Civitas Review

Consumer Spending Not the Problem During Recession


The indispensable economist Robert Higgs updates us on an ongoing theme I have discussed here a number of times in the past: the myth that it is consumer spending that drives economic growth and recession. Dips in consumer spending are the result of, not the cause of, a growing or slumping economy. Higgs presents the data to back up this claim:

According to these data, real personal consumption expenditure recovered from its recession decline by the fourth quarter of 2010. Continuing to grow, it now stands (as of the most recent data, for the second quarter of 2011) even farther above its pre-recession peak.

Real government expenditure for consumption and investment (this concept does not include the government’s transfer spending, such as unemployment insurance benefits and social security benefits) is also running higher than its pre-recession level. In the second quarter of 2011, it was running more than 2 percent higher (recall that this is “real,” or inflation-adjusted spending; nominal spending has grown substantially more).

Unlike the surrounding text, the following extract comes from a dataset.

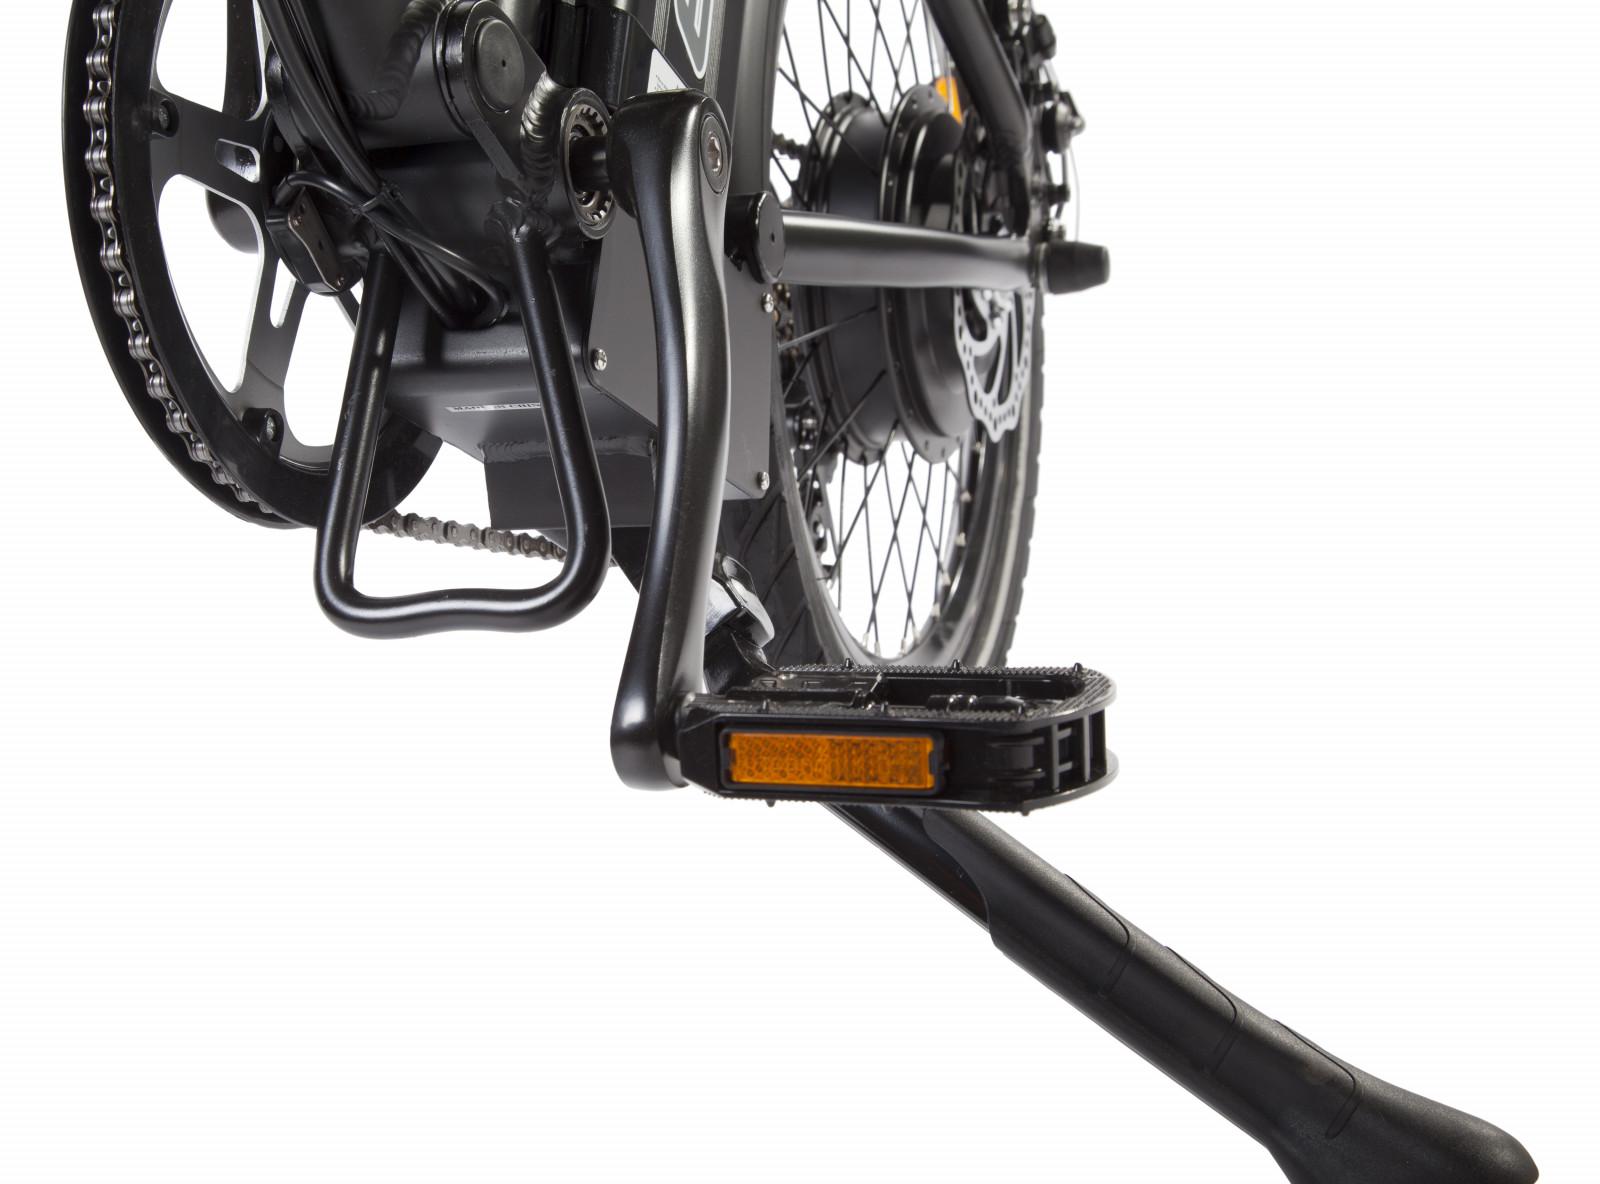 Электровелосипед Eltreco Wave 500W Spoke-4

The economy remains moribund not because consumption spending has failed to recover and not because government spending has failed to increase, but because the true driver of economic growth—private investment—remains deeply depressed. Gross private domestic fixed investment fell steeply after the second quarter of 2007, and in the second quarter of 2011 it remained 19 percent below its pre-recession peak. This figure fails to show how bad the investment situation really is, however, because the bulk of the investment spending now taking place is for what the accountants call the ”capital consumption allowance,” the amount estimated as necessary to compensate for the wear and tear and obsolescence of the existing capital stock.

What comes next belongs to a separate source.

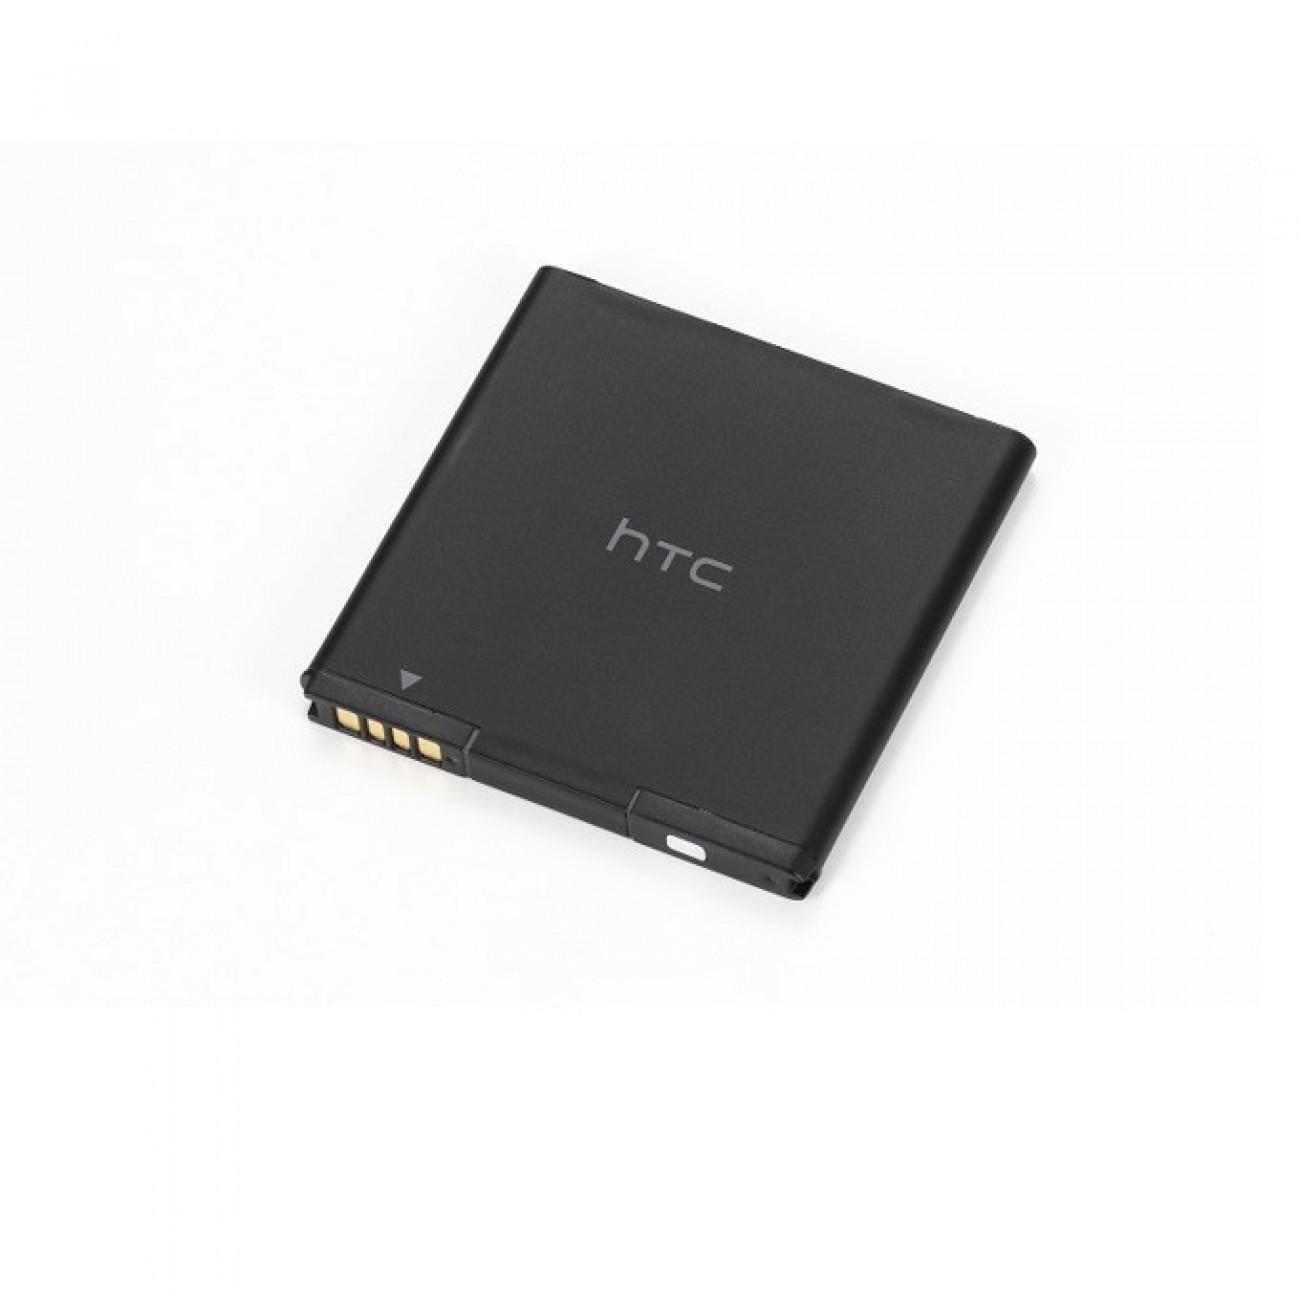 Батерия (оригинална) за HTC S640, HTC Sensation XL/Titan Eternity, 1600 mAh, 3.8V в Батерии за Телефони, Таблети -  | Alleop

The key variable is net private domestic fixed investment—the investment that builds the productive private capital stock. Quarterly data through this year are not currently available at the BEA website, but the annual data show that an index of its real amount peaked in 2006, fell substantially in each of the following three years, and recovered only slightly in 2010, when the index showed net private domestic fixed investment was running about 78 percent below its level in 2005 and 2006. Here is the true reason for the recession’s persistence.

Higgs (rightly, I believe) places a large share of the blame on entrepreneurs' reluctance to invest in capital goods on "regime uncertainty," or an unpredictable policy climate in which businesses are unsure of the impact of Obamacare, Wall St. regulation reforms, stimulus spending and the Fed's money printing (among others).

It's important to understand the true cause of the recession so we can avoid policies designed with the faulty premise of "getting consumers spendng again."

One Comment on this post

  • mtn girl says:
    Sep 14 at 17:21

    Our free market has never been more free. What is different in these times is the fact that the majority of Conservatives in govt. and business have stopped caring about middle class workers. When the disparity between income is as great as it is now -we can only fail and when we do- the blame needs to be placed where it belongs-at the feet of the Republican party.